What the report reveals:

  • 78% agree with that their organiza­tion needs better coordination across GTM systems used by marketing and sales yet, only 32% say their sales/ marketing and other teams involved in executing the GTM strategy are very aligned.
  • The organizations pulling ahead are aligned around buyer intelligence and AI at every stage.
  • Buying groups have changed how B2B decisions get made. Companies that haven’t adapted are losing deals they can’t see.

What LeanData recommends for your organization:

  • Align revenue teams around shared metrics, clear roles, and a common GTM strategy.
  • Use the buyer journey, not the funnel, as the strategic framework and understand how buying groups make decisions.
  • Deploy AI within structured, governed GTM orchestration to scale personalization and respond to buyer signals faster.

How Do You Compare?

What steps is your organization taking to improve its B2B go-to-market execution?




57%

Improving coordination among internal teams





40%

Adopting new tools to support internal coordination





37%

Encouraging sales team members to engage multiple members of buying groups


“Pick a very specific sliver to focus on — THIS product set for THIS customer segment in THIS geography. Get that right and start getting value from it.”
Bob Yang with Adobe
Bob Yang
Vice President, AI Transformation GTM, Adobe

FAQ

Footnote:

Organizations were segmented based on how they rated both the importance and effectiveness of their GTM strategy for selling to B2B buyers on a 0-10 scale. Leaders (36%) rated their strategy as very important and very effective (8-10). Followers (42%) rated their strategy as somewhat important and/or somewhat effective (6-7). Laggards (22%) rated their strategy as not very important and/or not very effective (0-5).

Why is there such a big gap between B2B go to market strategy and execution?

In the survey, 48% of respondents cite systems or data sources that aren’t inte­grated with each other well as a challenge for designing its B2B GTM strategy and 43% cite siloed data that doesn’t provide a holistic view of buyer or account engagement as a challenge to executing its B2B GTM strategy.

What do high performing B2B organizations do differently to improve GTM execution?

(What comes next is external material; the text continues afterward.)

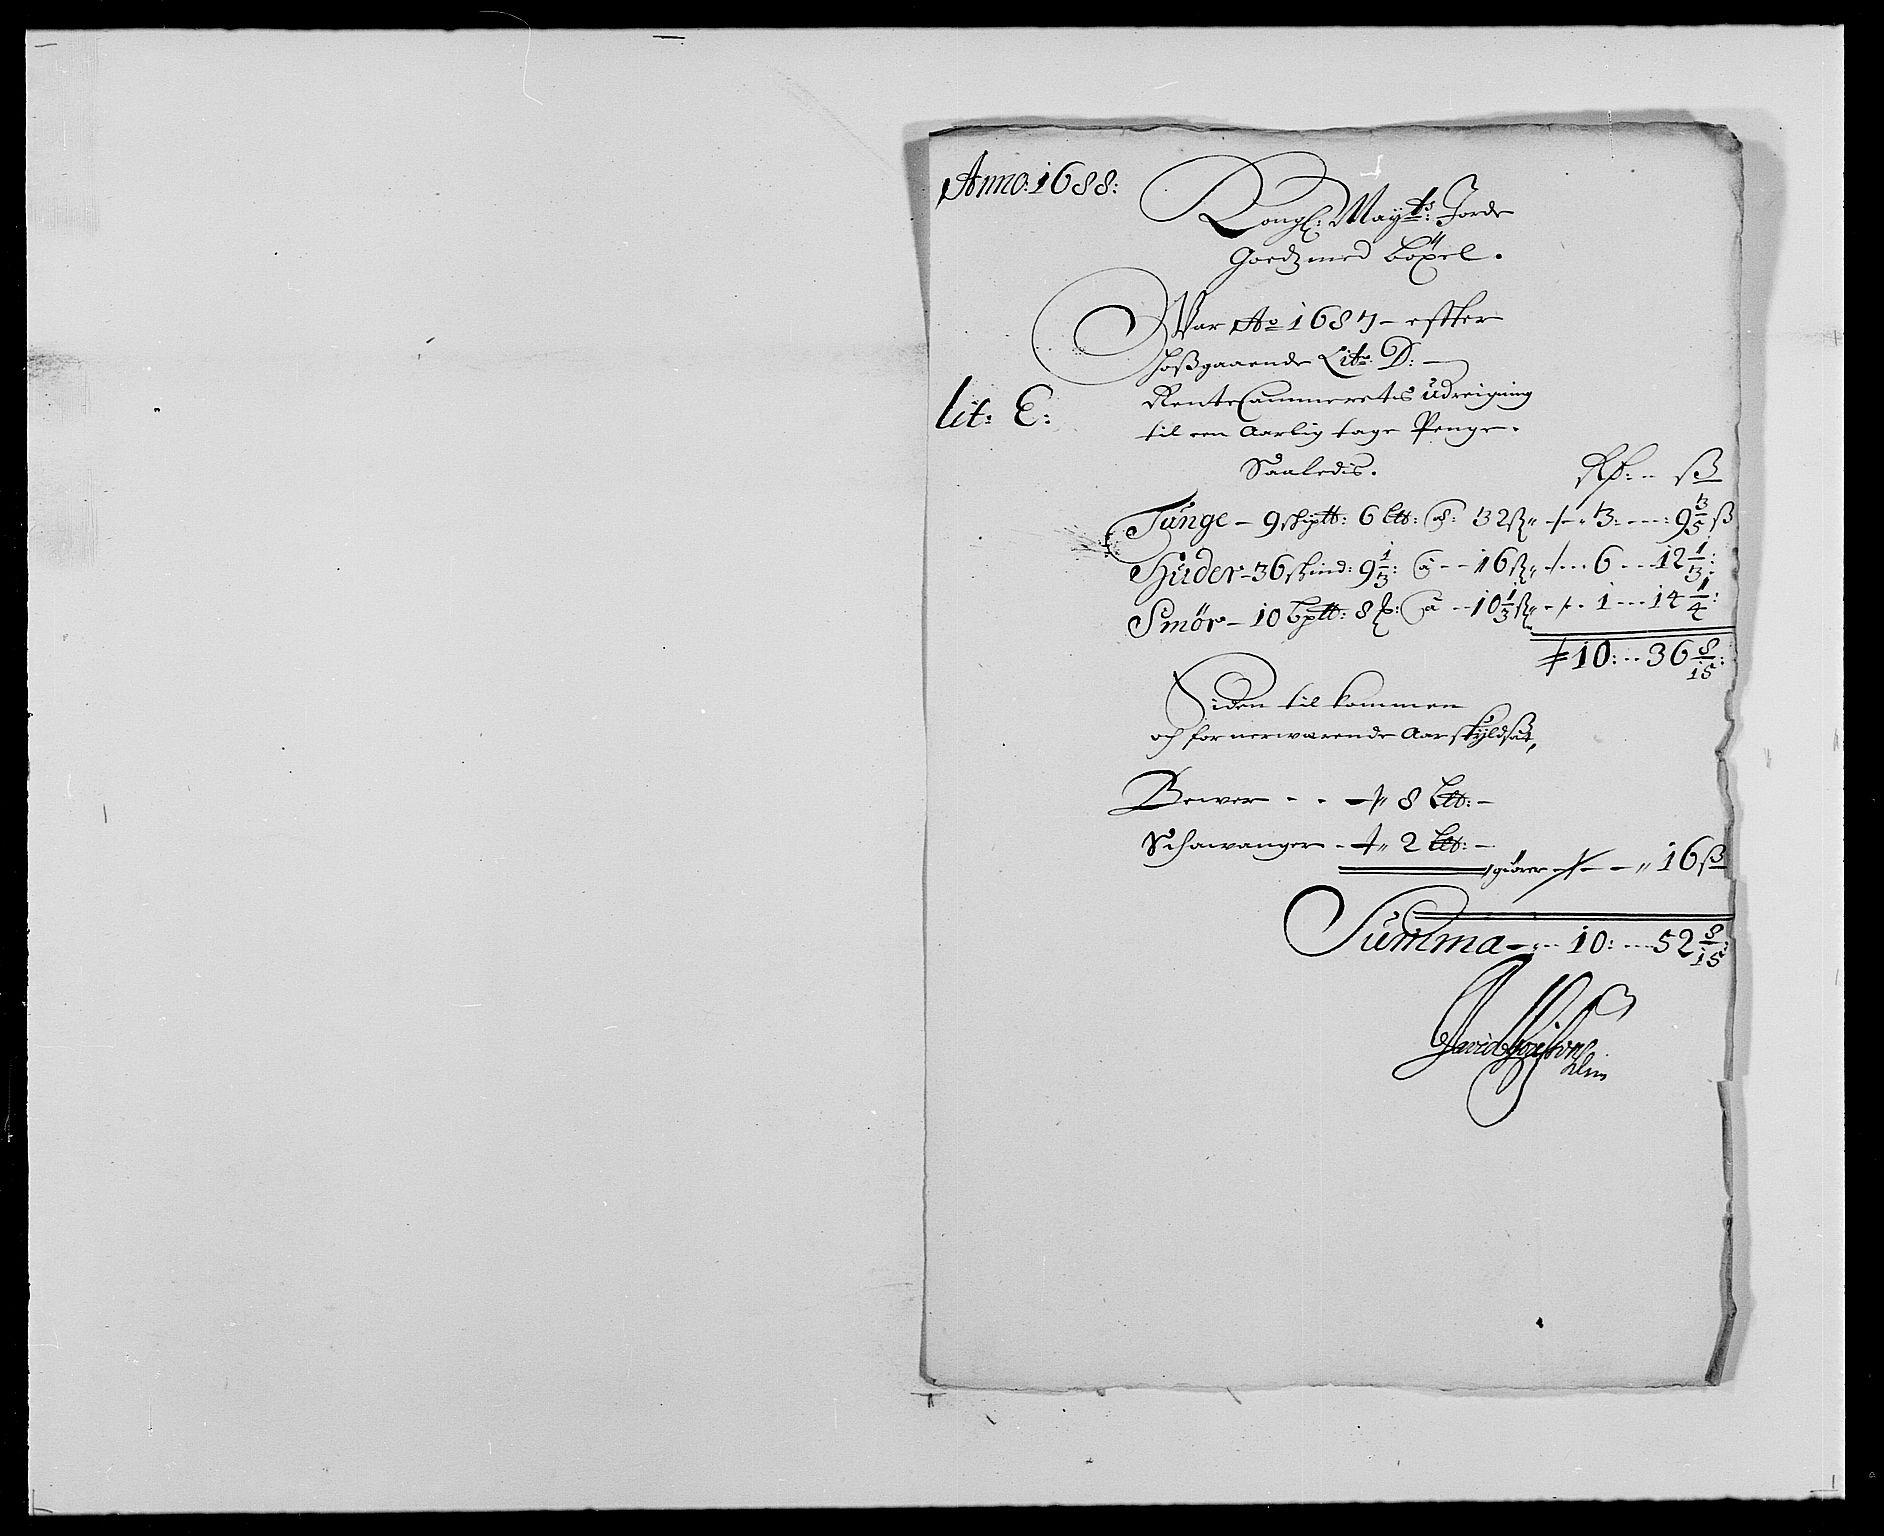 RA, Rentekammeret inntil 1814, Reviderte regnskaper, Fogderegnskap, R24/L1573: Fogderegnskap Numedal og Sandsvær, 1687-1691, s. 291

Sixty-three percent of leaders report that their sales/marketing and other teams are very aligned in executing their B2B GTM strategy, compared to 17% of followers and 11% of laggards.

How do buying groups affect B2B go to market execution?

Purchasing decisions are increasingly made by cross functional buying groups rather than individual stakeholders, which adds complexity to every stage of the GTM process. Organizations that expand their view of buying group members report better pipeline and revenue outcomes. Successfully engaging buying groups requires deeper analysis of each stakeholder’s priorities and better information sharing across teams.

What role does AI play in improving B2B go to market execution?

Sixty-eight percent of respondents agree that using AI is important for their organization’s GTM strategy for B2B buy­ers. Among respondents whose organizations are using AI tools, the top uses are analyzing disparate data sets for insight, optimizing marketing campaigns, coaching sales reps, refin­ing customer personas, and personalizing advertising or content at scale.

Why is aligning GTM strategy with the buyer journey important for revenue growth?

Ninety-two percent of respondents agree that to be successful, organizations should align their GTM strategy with the B2B buyer journey, yet only 29% say their orga­nization understands today’s B2B buyer journey very well. Sixty-four percent of leaders cite reve­nue growth as a benefit to having a better understanding of the B2B buyer journey, compared to 52% of followers and 37% of laggards.